By default in Terraform, when you have 2 providers defined, the one without an alias is the default provider.

// We create a new provider using the api key created for our application
provider "scaleway" {
  alias           = "s3_access"
  access_key      = scaleway_iam_api_key.s3_access.access_key
  secret_key      = scaleway_iam_api_key.s3_access.secret_key
  zone            = "fr-par-1"
  region          = "fr-par"
  organization_id = "organization_id"
}
Copy code

Creating the bucket

We could now create our bucket, specifying the provider we wanted to use:

// Create the Bucket
resource "scaleway_object_bucket" "app-bucket" {
  provider = scaleway.s3_access
  name     = "kanta-app-${var.env_name}"
  tags = {
    key = "bucket"
  }
  // Needed to create/destroy the bucket
  depends_on = [
    scaleway_iam_policy.FullAccess
  ]
}
Copy code

Creating the next environments

As we have seen throughout our deployment, our variables file allowed us to centralize most of the changes we will have to make when we want to deploy the pre-production and production environments.

The main modifications are the following:

• Adding a standby for the MySQL database
• Adding a Read Replica for the MySQL database
• Switching to cluster mode for Redis
• Change of Instance types to support the production load
• Correction of possible problems discovered in the development environment.

Overview of the migration

Today, Kanta has begun experimenting with Scaleway, but their teams are still new to the platform. We will therefore accompany them, through meetings with our Solutions Architect and Professional Services, in the definition of their architecture in order to achieve an optimal solution that truly meets their needs.

As we have seen throughout the project, our support will also allow them to discover and implement infrastructure-as-code solutions such as Terraform in order to quickly and efficiently deploy Scaleway resources. In addition, thanks to the flexibility of Terraform, Kanta will be able to deploy its production and pre-production environments very efficiently, based on what we have already deployed, once the development environment has been validated.

Although the client would most certainly have succeeded in migrating to Scaleway, the support we provided allowed them to avoid numerous iterations on their infrastructure moving forwards.
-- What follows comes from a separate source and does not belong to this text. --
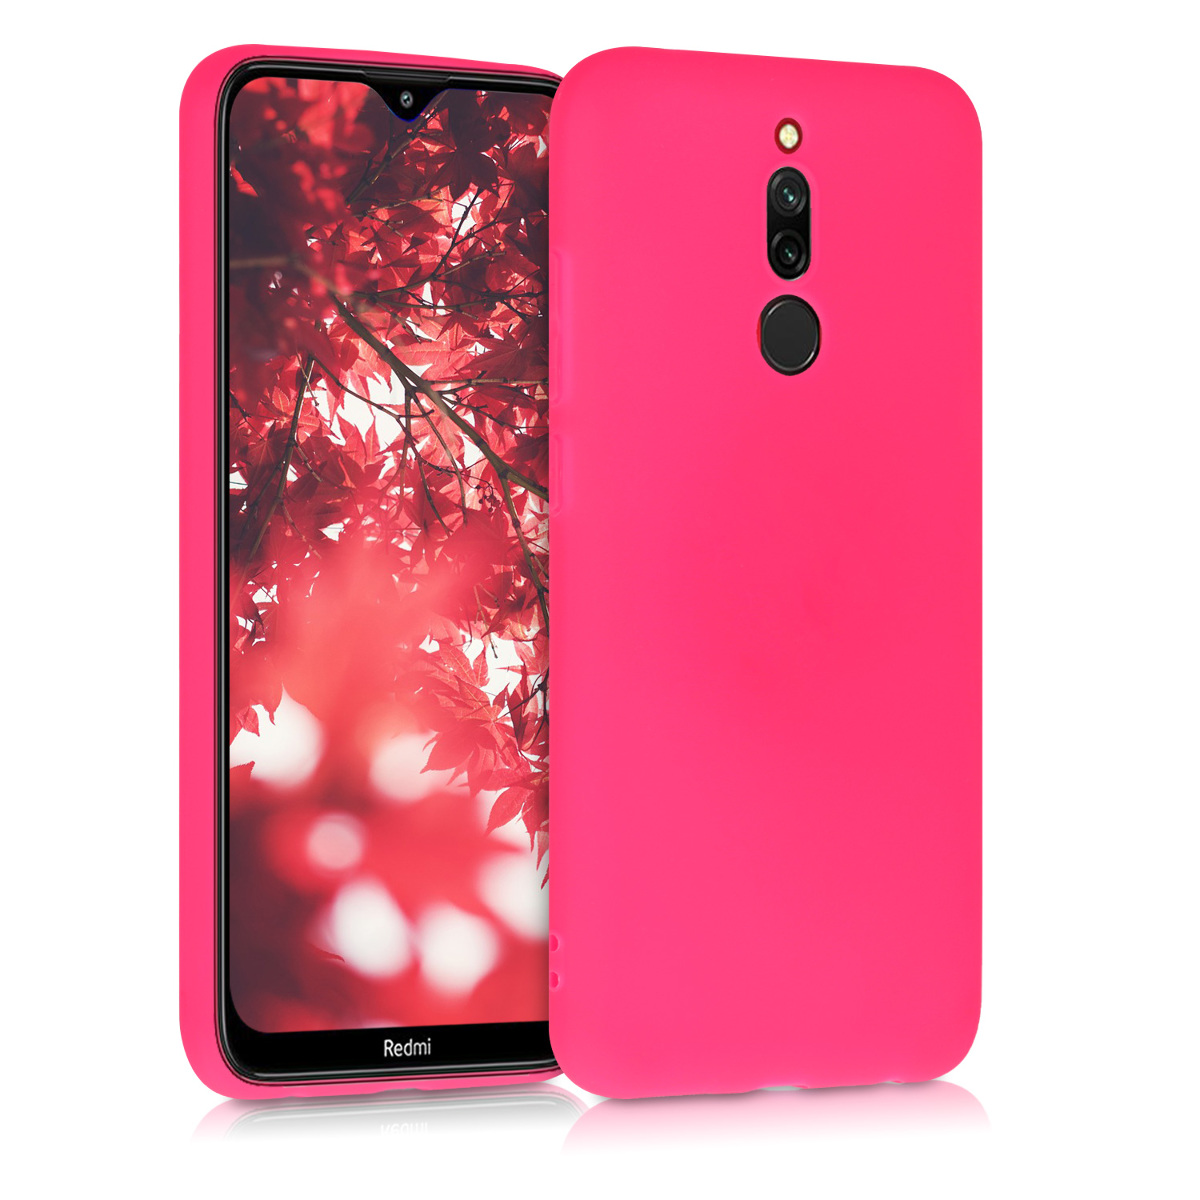 Kvalitní silikonové TPU pouzdro | obal pro Xiaomi Redmi 8 - Neon růžový

Our mission, to simplify and accelerate migrations to Scaleway, is as such a success.

The Scale program

The Scale program allows the most ambitious companies, like Kanta, to be accompanied in the migration of their infrastructure to Scaleway, by benefiting from personalized technical support.

About Kanta

Kanta is a startup based in Caen, France, specialized in fighting money-laundering as a service for accountants. It offers an innovative SaaS tool that allows for automatization of anti-money-laundering processes, whilst guaranteeing conformity with industry standards and quality controls. Thanks to its solution, accountants can improve the efficiency and reliability of their efforts to reduce fraud, money-laundering and terrorism-funding.